* [THE PROBLEM]: Without any pictures, print the lines below from the one that has "Action! Набор альбомов" through the one that has "SALIDIA 1FX Siyah", exactly and nothing else.

* [DATASET EXCERPTS]:
╔══

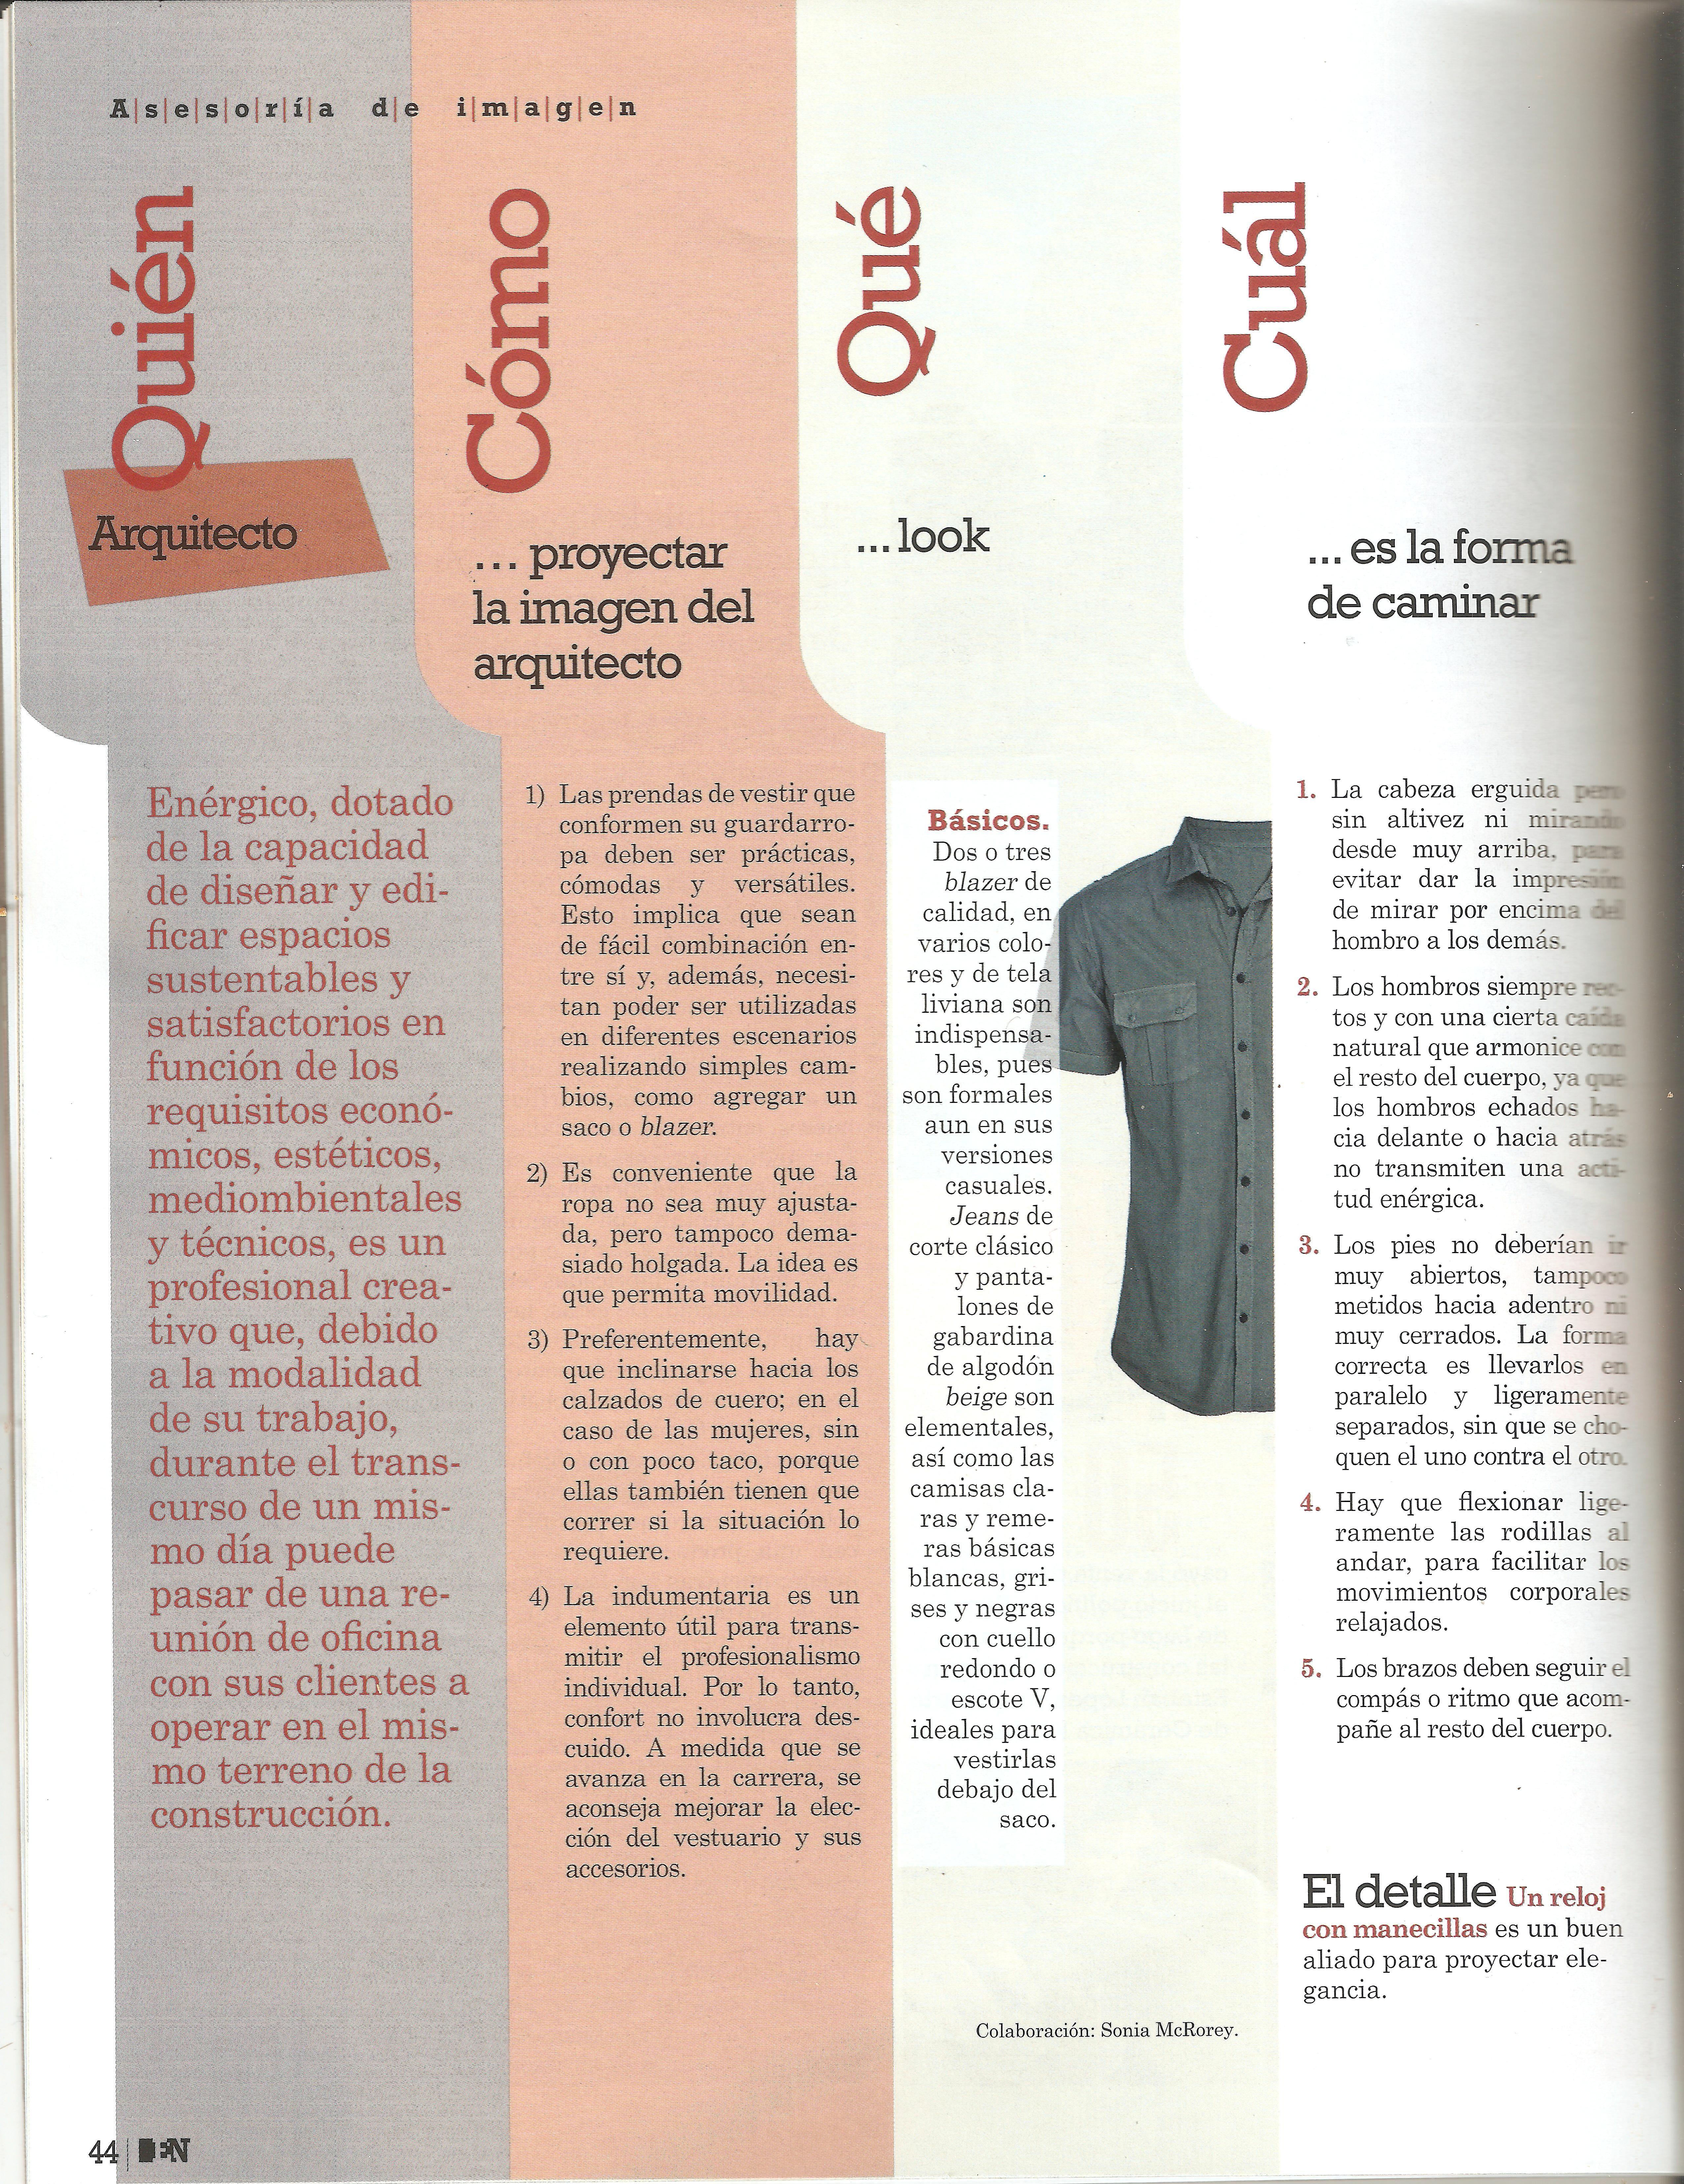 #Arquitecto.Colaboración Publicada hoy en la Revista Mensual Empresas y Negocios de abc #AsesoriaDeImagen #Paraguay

╚══
╔══

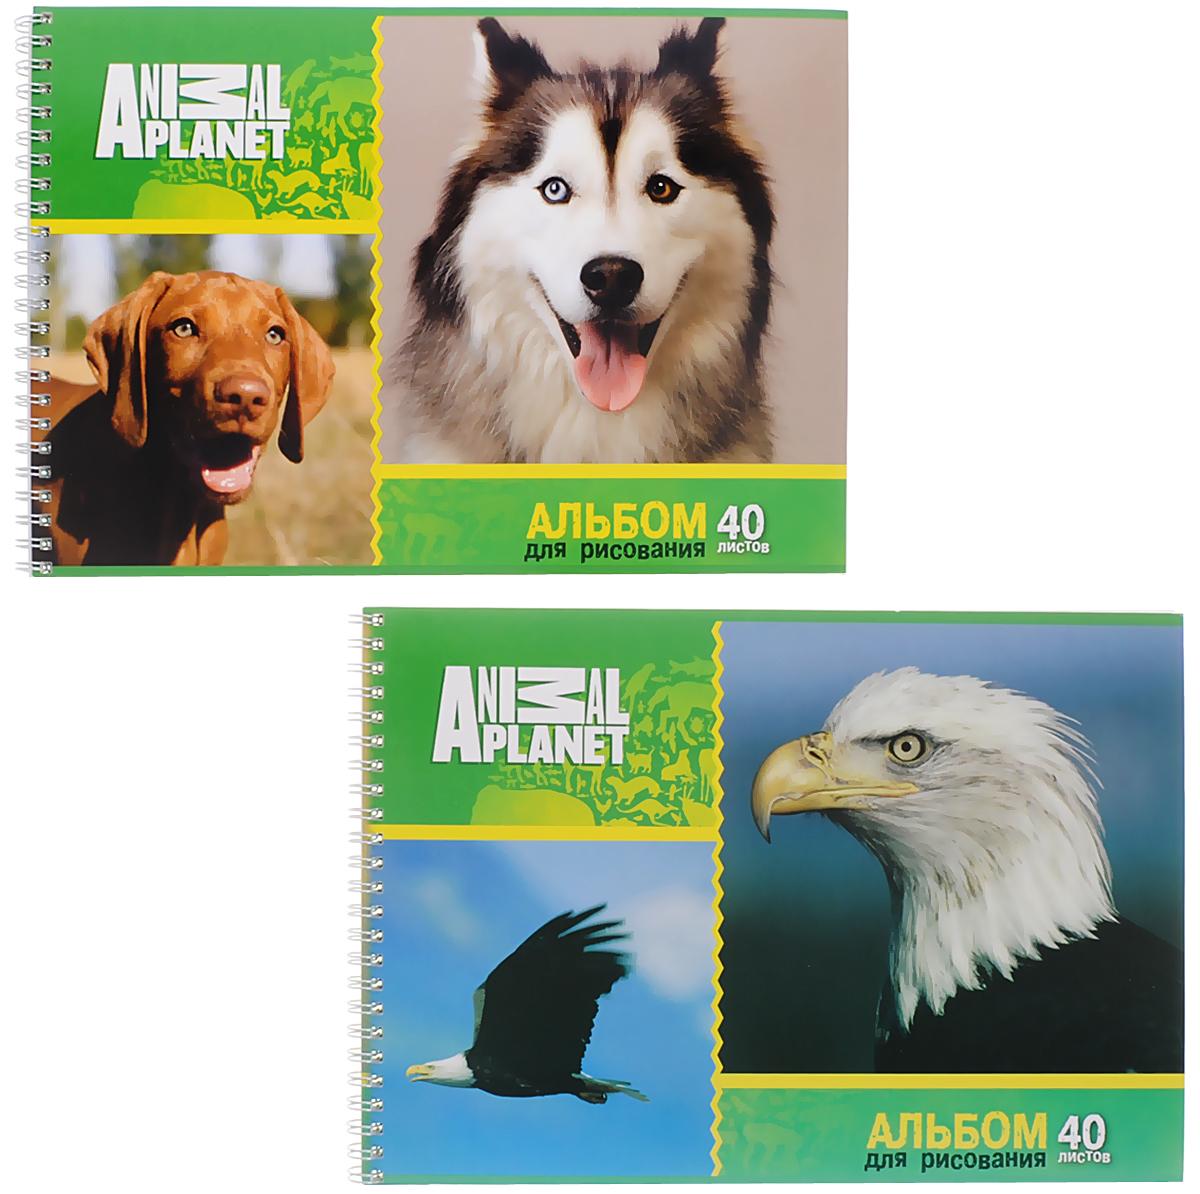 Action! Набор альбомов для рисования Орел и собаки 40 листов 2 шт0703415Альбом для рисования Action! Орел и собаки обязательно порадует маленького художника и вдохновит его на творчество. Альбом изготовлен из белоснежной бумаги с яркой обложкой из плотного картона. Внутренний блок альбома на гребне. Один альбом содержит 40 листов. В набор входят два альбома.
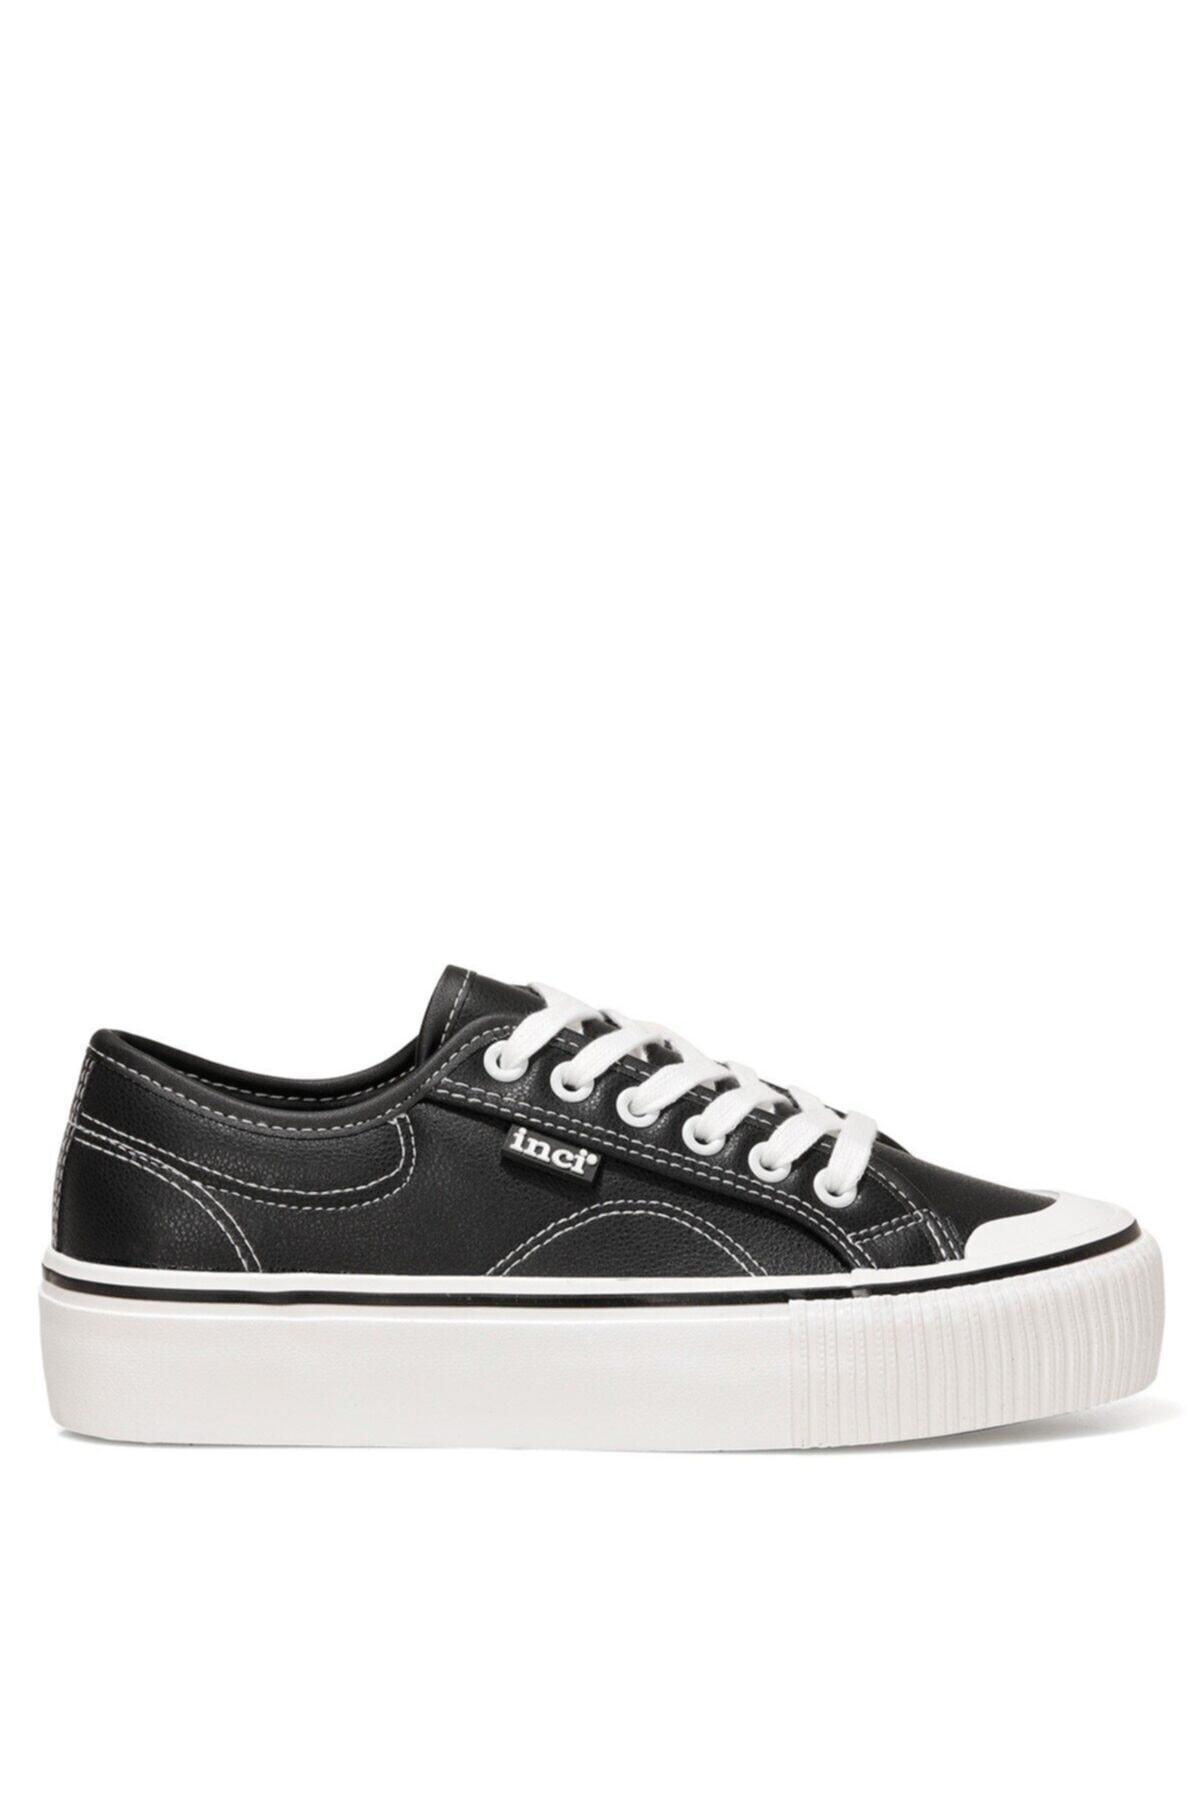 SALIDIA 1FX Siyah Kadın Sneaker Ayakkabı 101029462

╚══
╔══

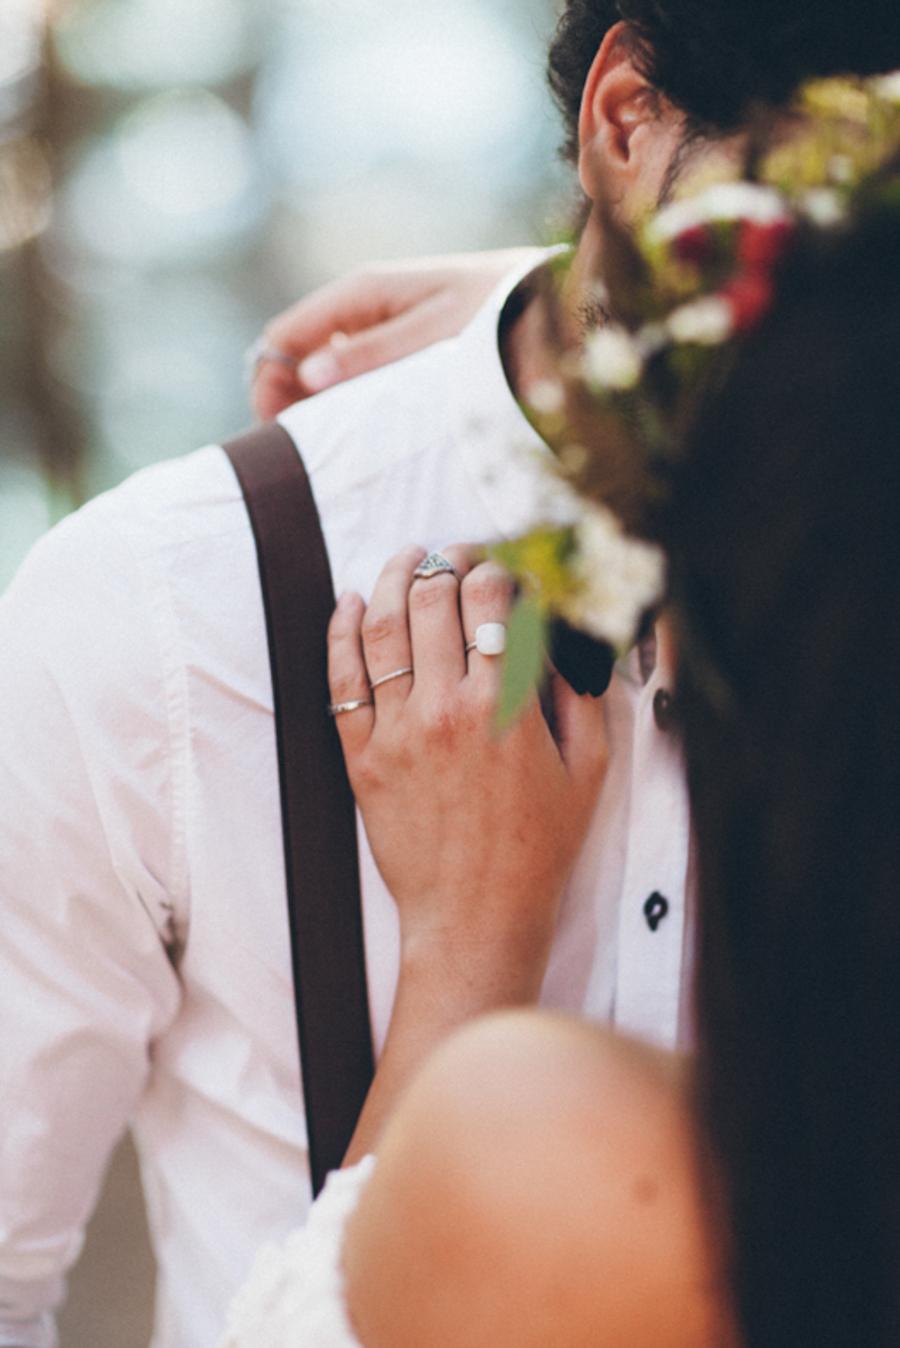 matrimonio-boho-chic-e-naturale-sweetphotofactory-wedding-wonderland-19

╚══

* [SOLUTION BELOW]:
 Action! Набор альбомов для рисования Орел и собаки 40 листов 2 шт0703415Альбом для рисования Action! Орел и собаки обязательно порадует маленького художника и вдохновит его на творчество. Альбом изготовлен из белоснежной бумаги с яркой обложкой из плотного картона. Внутренний блок альбома на гребне. Один альбом содержит 40 листов. В набор входят два альбома.
 SALIDIA 1FX Siyah Kadın Sneaker Ayakkabı 101029462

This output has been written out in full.